Se conocen las consecuencias de vender precozmente la piel del oso… pero el qué sucede cuando -con prisa- se presenta todo un universo, con más pena que gloria, aún está por ver. Universo ideado para entrar a vivir en él a partir de un avatar, es decir, a partir de una segunda piel que suple, en palabras del teórico de nuevas tecnologías Wolf

Lieser: “Un viejo sueño de la humanidad como es crearse a uno mismo de nuevo”. Aunque, eso sí, no a cualquier precio -o apariencia-. Si imaginamos el futuro metaverso que, junto a otras famosas vías de interacción social como Whatsapp, Instagram o Facebook, son monopolio de la reciente empresa Meta, preferimos hacerlo a partir de las referencias vistas en películas que giran en torno a la idea de inmersión en mundos virtuales como Ready Player One (2018) o Demonic (2021). Porque las imágenes publicadas hasta la fecha, como en la que figura el avatar de Zuckerberg a modo de selfi -la de la discordia- está a años luz del apartado gráfico de videojuegos que surgen en paralelo o que incluso llevan varios años en el mercado. Unos que gracias a los grandes avances técnicos de softwares 3D con los que se desarrollan, dejaron atrás la apariencia de personajes próximos a monigotes de plastilina y pasaron a imágenes en las que es fácil distinguir los poros de la piel de sus protagonistas, y con ello, cada vez más difícil discernir entre realidad y ficción.
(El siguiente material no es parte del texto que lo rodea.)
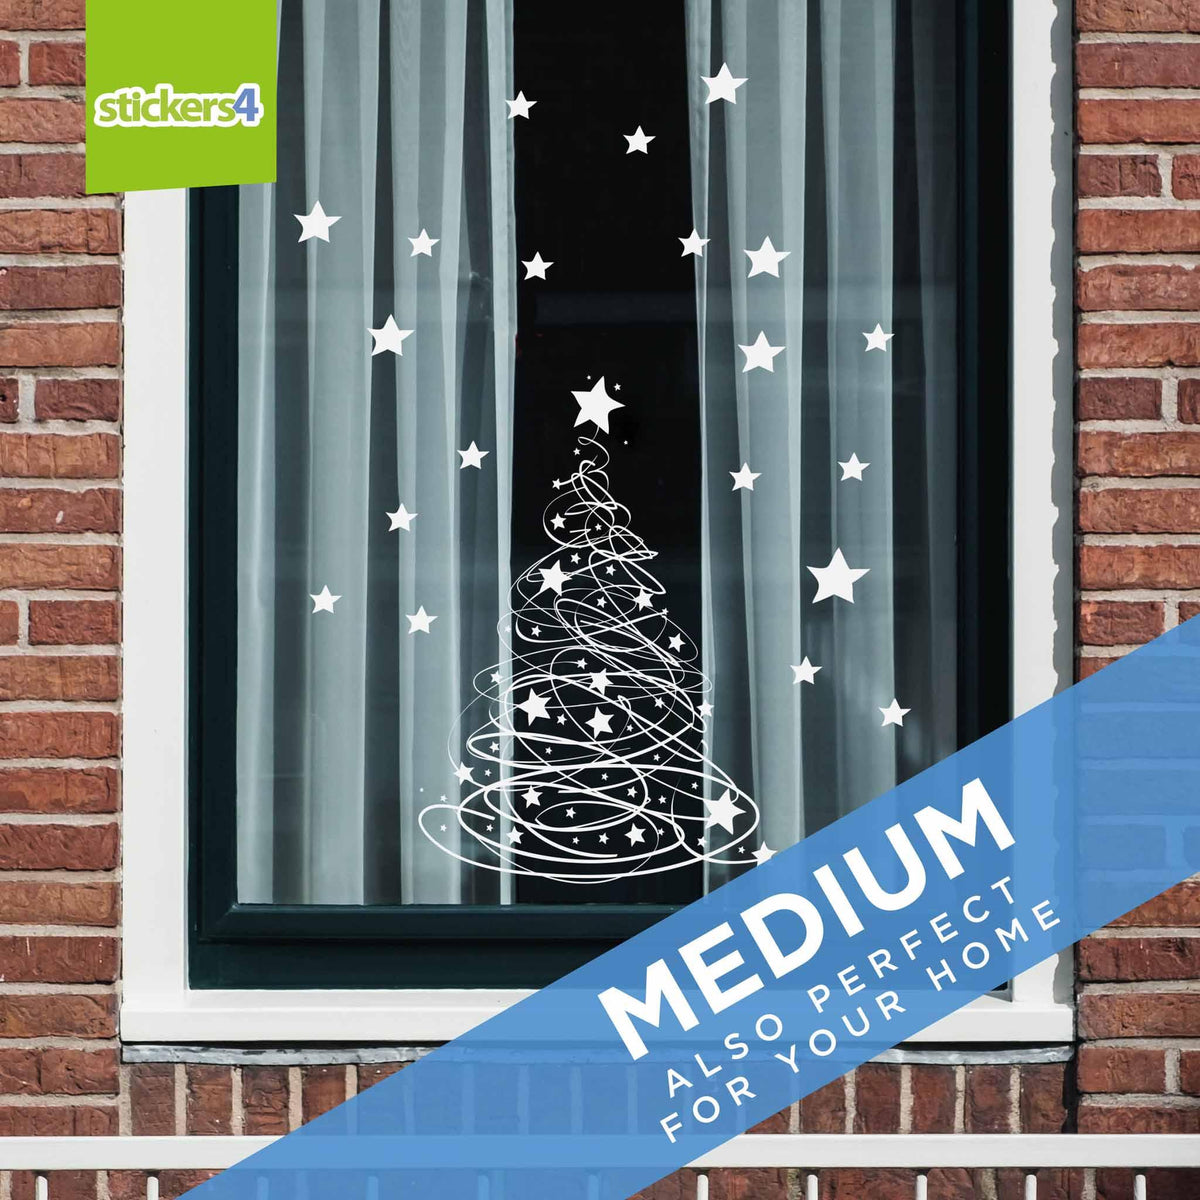 Swishy Tree Christmas Window Sticker - Now with Added STARS! Christmas Window Display
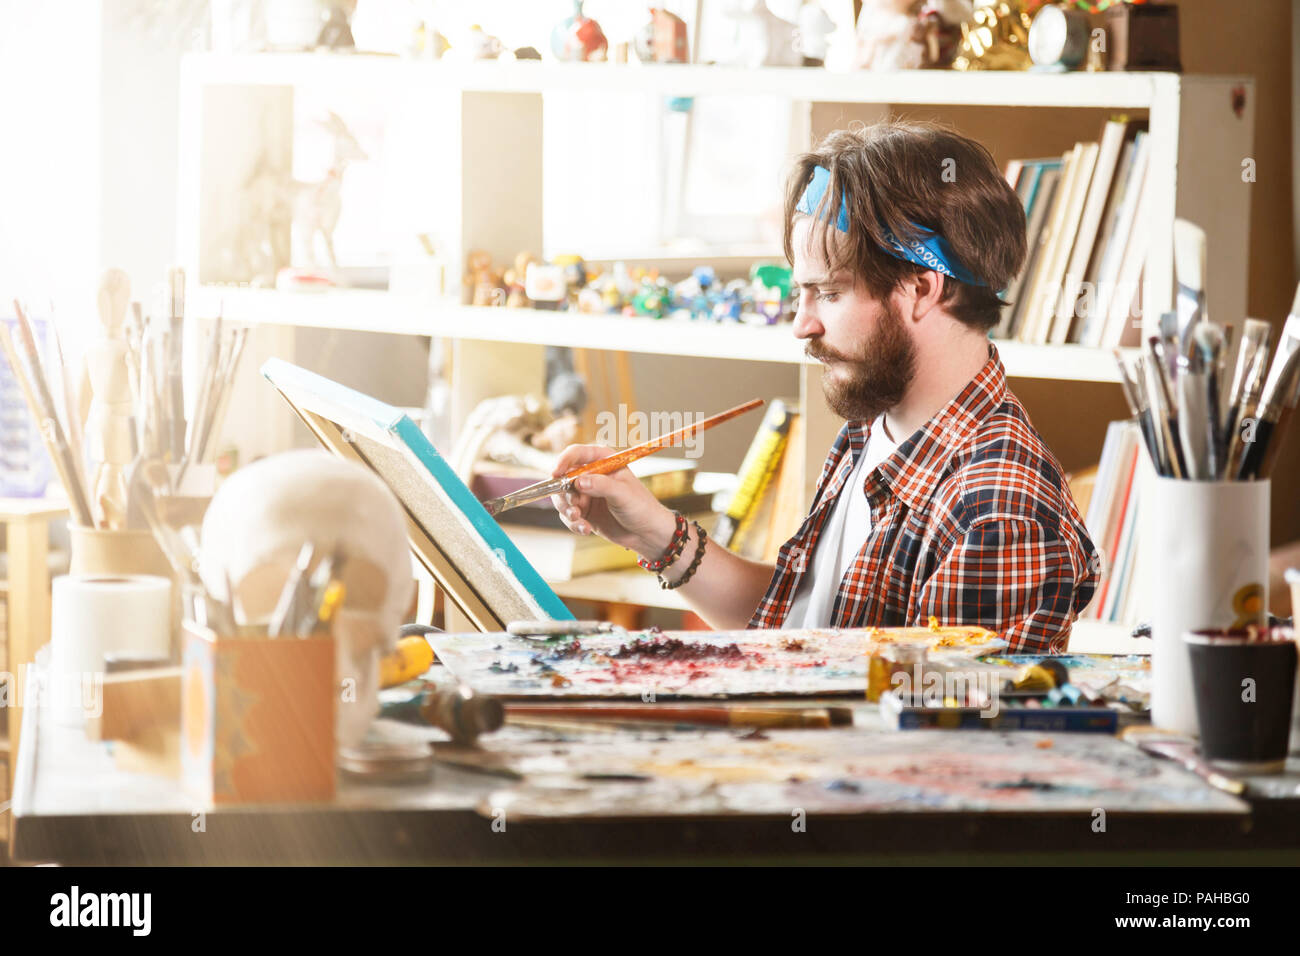 Jeune homme de race blanche à l'artiste avec dessin bandana bleu brosse et huile sur toile dans son studio ensoleillé Banque D'Images

Puede decirse, llegados a este punto, que el éxito o fracaso del esperado metaverso, recae en un problema estético, y que, si se vende una experiencia que suple la de la propia realidad -con el tedio que esto supone- lo que se demanda de pieles y escenarios -como poco- es que se ajusten lo máximo posible a la propia naturaleza. El trampantojo (trompe l’oeil) que sedujo y confundió a aquellos pájaros que en la Historia Natural de Plinio El Viejo descendieron a picotear un racimo de uvas representado sobre un muro contra el que terminaron dándose un golpe de realidad, es justo lo que parece que ahora estamos demandando. Como expresa el autor de Cultura y Simulacro, “vivimos de la seducción”, y precisamente por vivir rodeados de imágenes, puede que lo que busquemos sea una representación fiel a aquella realidad desaparecida, paradójicamente, detrás de estas en el mundo real. Demanda de ilusión, trampa -y cartón- y estar dispuestos a confundirnos y querer hacerlo aun siendo conscientes de la posibilidad de correr la suerte de las aves que chocan con el muro, por el hecho de entrar en ese mundo a través de un dispositivo ocular con el que no ves nada de este otro. Eso es precisamente lo que estamos buscando, porque en la imagen con grado de detalle de tecnologías primitivas no encontramos esa confusión entre realidad-ficción que nos seduzca lo suficiente. 

Si la experiencia de virtualizar y simular las acciones de la propia vida real carece de enjundia, el hecho de hacer espóiler -torpemente- del apartado de la imagen a medida que se desarrolla el proyecto, termina por colmar el vaso. La propia novela Snow Crash (1992), que es donde treinta años atrás figura por primera vez el término Metaverso, dista mucho de lo que finalmente está siendo, por lo que no es de extrañar que su autor, Neal Stephenson, prefiera no saber nada de lo que en Meta suceda, o, en cualquier caso, opte por aferrarse al “ojos que no ven, corazón que no siente”. Pues por el momento -sin visos de mejora- se trata de una aproximación tan desfasada como cara -muy cara- de lo descrito en un inicio sobre el papel. De la novela de ciencia ficción es la frase: “una idea viral puede ser derrotada como pasó (…) con los pantalones de campana o las camisetas de Bart Simpson.” Y es ahora, cuando, al tiempo que se materializa esa “idea viral”, parece que esta se va desvaneciendo o siendo roída desde dentro. La parte positiva es que el concepto metaverso trasciende Horizons (2022) y su desarrollo futuro no tiene por qué recaer en manos de unos pocos como por el momento está siendo, pues la monopolización de ese doble del universo es de quienes ostentan los derechos de las gafas con las que en él se entra a modo de cruz asada egipcia. Así que cabe esperar -y esperar- la democratización de esta tecnología venidera de la que se espera mucho más de lo hasta ahora mostrado. Y si no más, sí mejor, pues puestos a idear escenarios fantásticos, que lo sean, pero de verdad.